Councillor of the National Council of Justice
- In office 10 October 2017 – 10 October 2019
- Appointed by: Michel Temer

Personal details
- Born: Márcio Schiefler Fontes 29 September 1980 Florianópolis, Santa Catarina, Brazil
- Alma mater: Law School, Federal University of Santa Catarina
- Occupation: Judge
- Awards: "Order of Judicial Military Merit".

= Márcio Schiefler Fontes =

Brazilian Auxiliary Judge Supreme Court

Márcio Schiefler Fontes is a Brazilian judge and jurist.

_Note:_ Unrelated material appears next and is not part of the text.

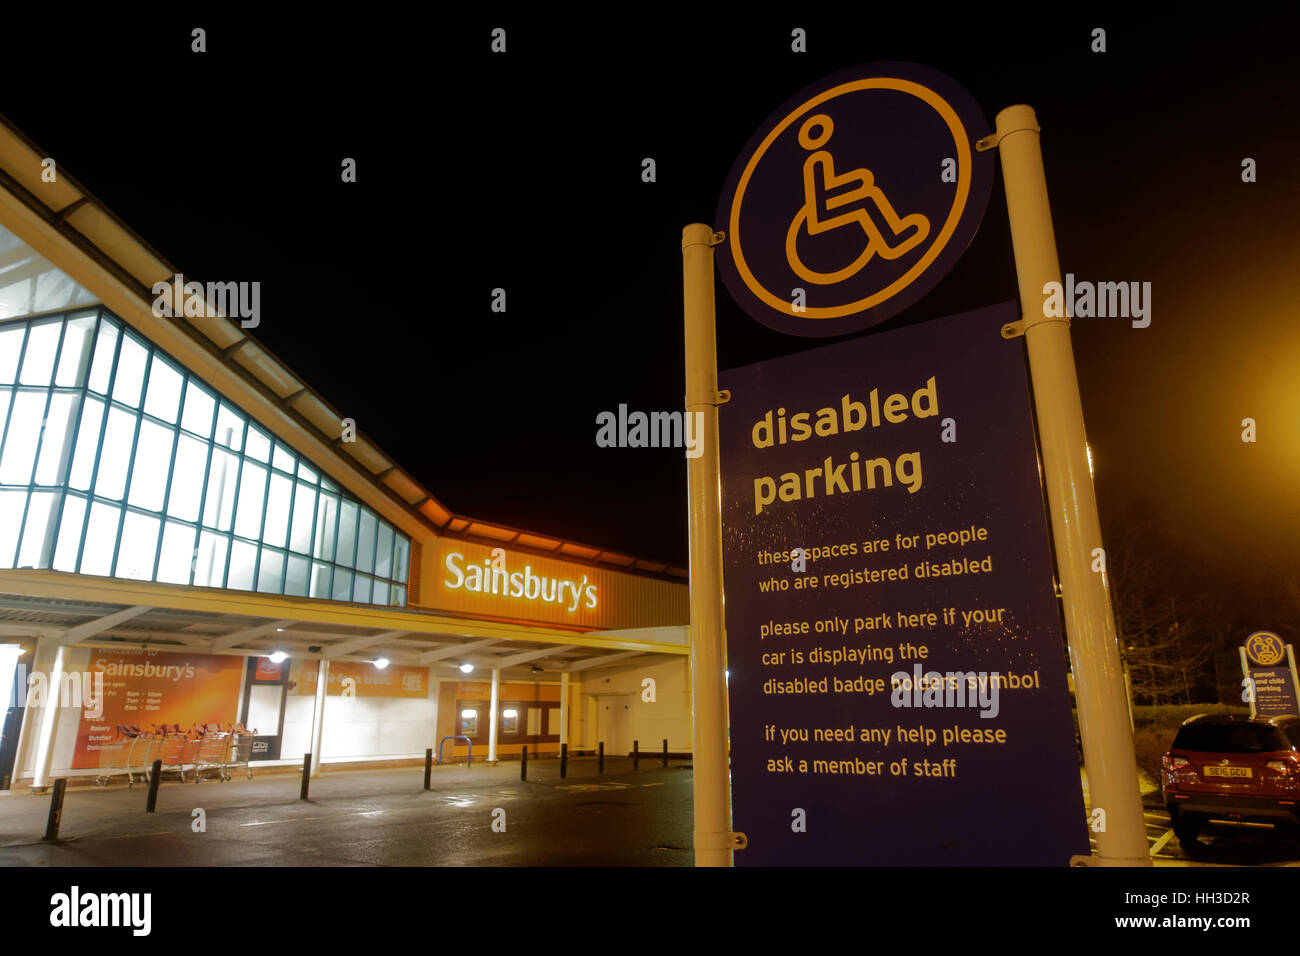 sainsbuty's disabled parking sign at night Great Western Retail Park Stock Photo
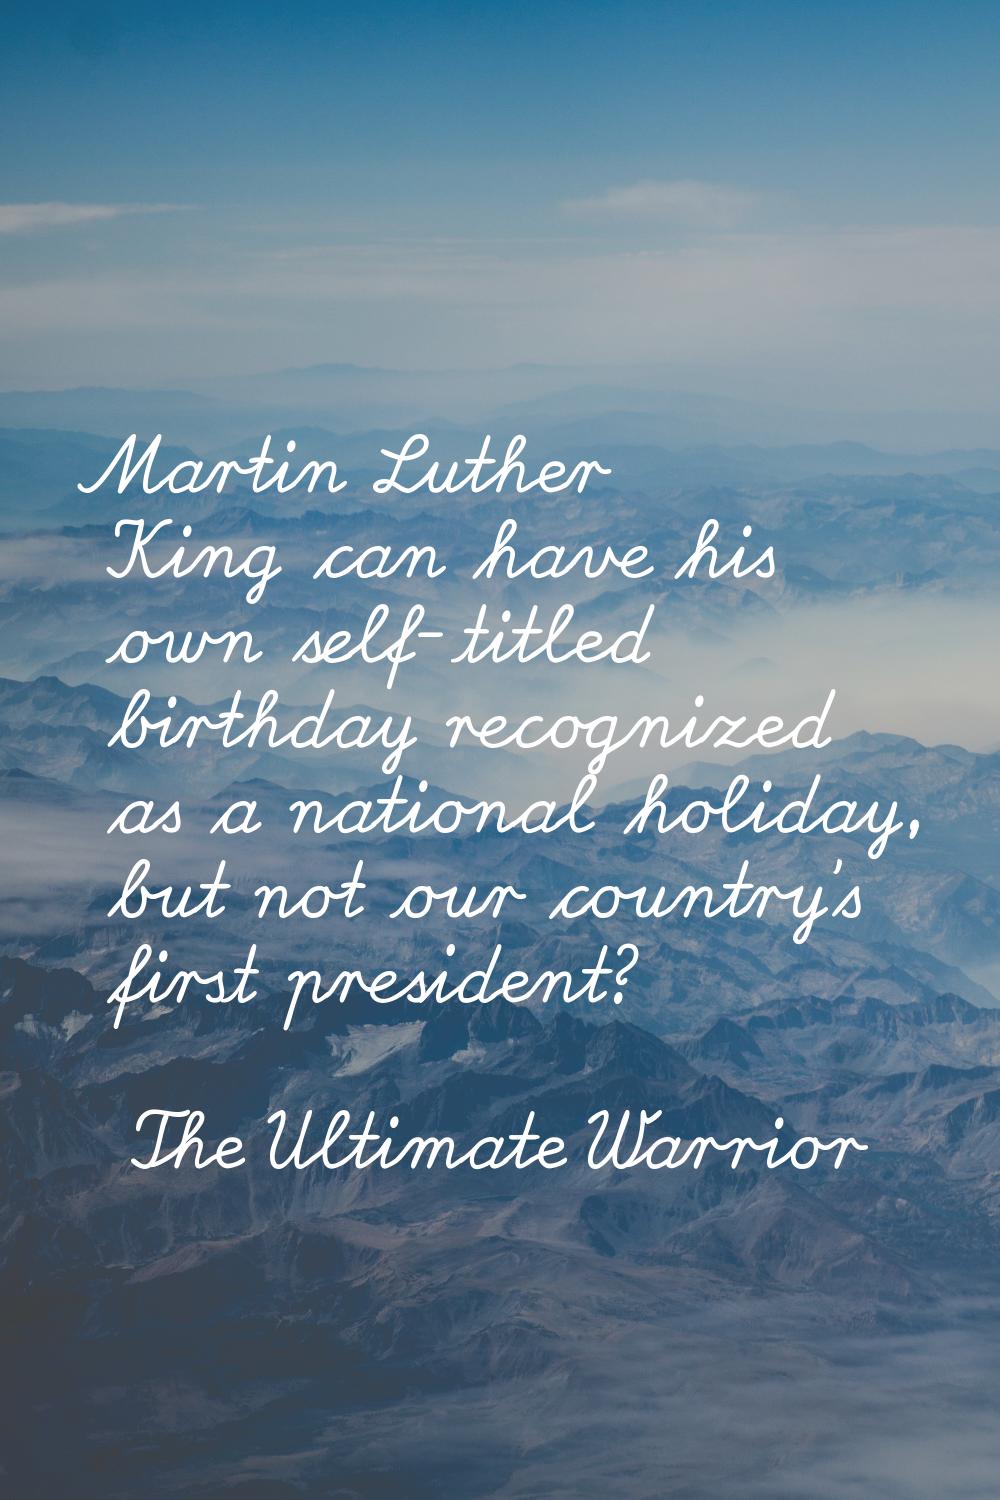 Martin Luther King can have his own self-titled birthday recognized as a national holiday, but not

From a judicial career in Santa Catarina, he became auxiliary judge and the main assistant to Justice Teori Zavascki, who oversaw at the Supreme Federal Court the massive investigation known as Operation Car Wash, a landmark anti-corruption probe in Brazil and other Latin American countries, until the latter's death in a plane crash in 2017.

After that, the Supreme Federal Court decided to nominate him Councillor of the National Council of Justice, in which he served as supervisor to the national prison system.

In 2022, he was summoned to act as auxiliary judge to the then new Chief Justice of the Supreme Federal Court, Justice Rosa Weber, in whose tenure a mob stormed the Presidential offices, the Supreme Court building, and the National Congress in Brazil’s capital, Brasilia.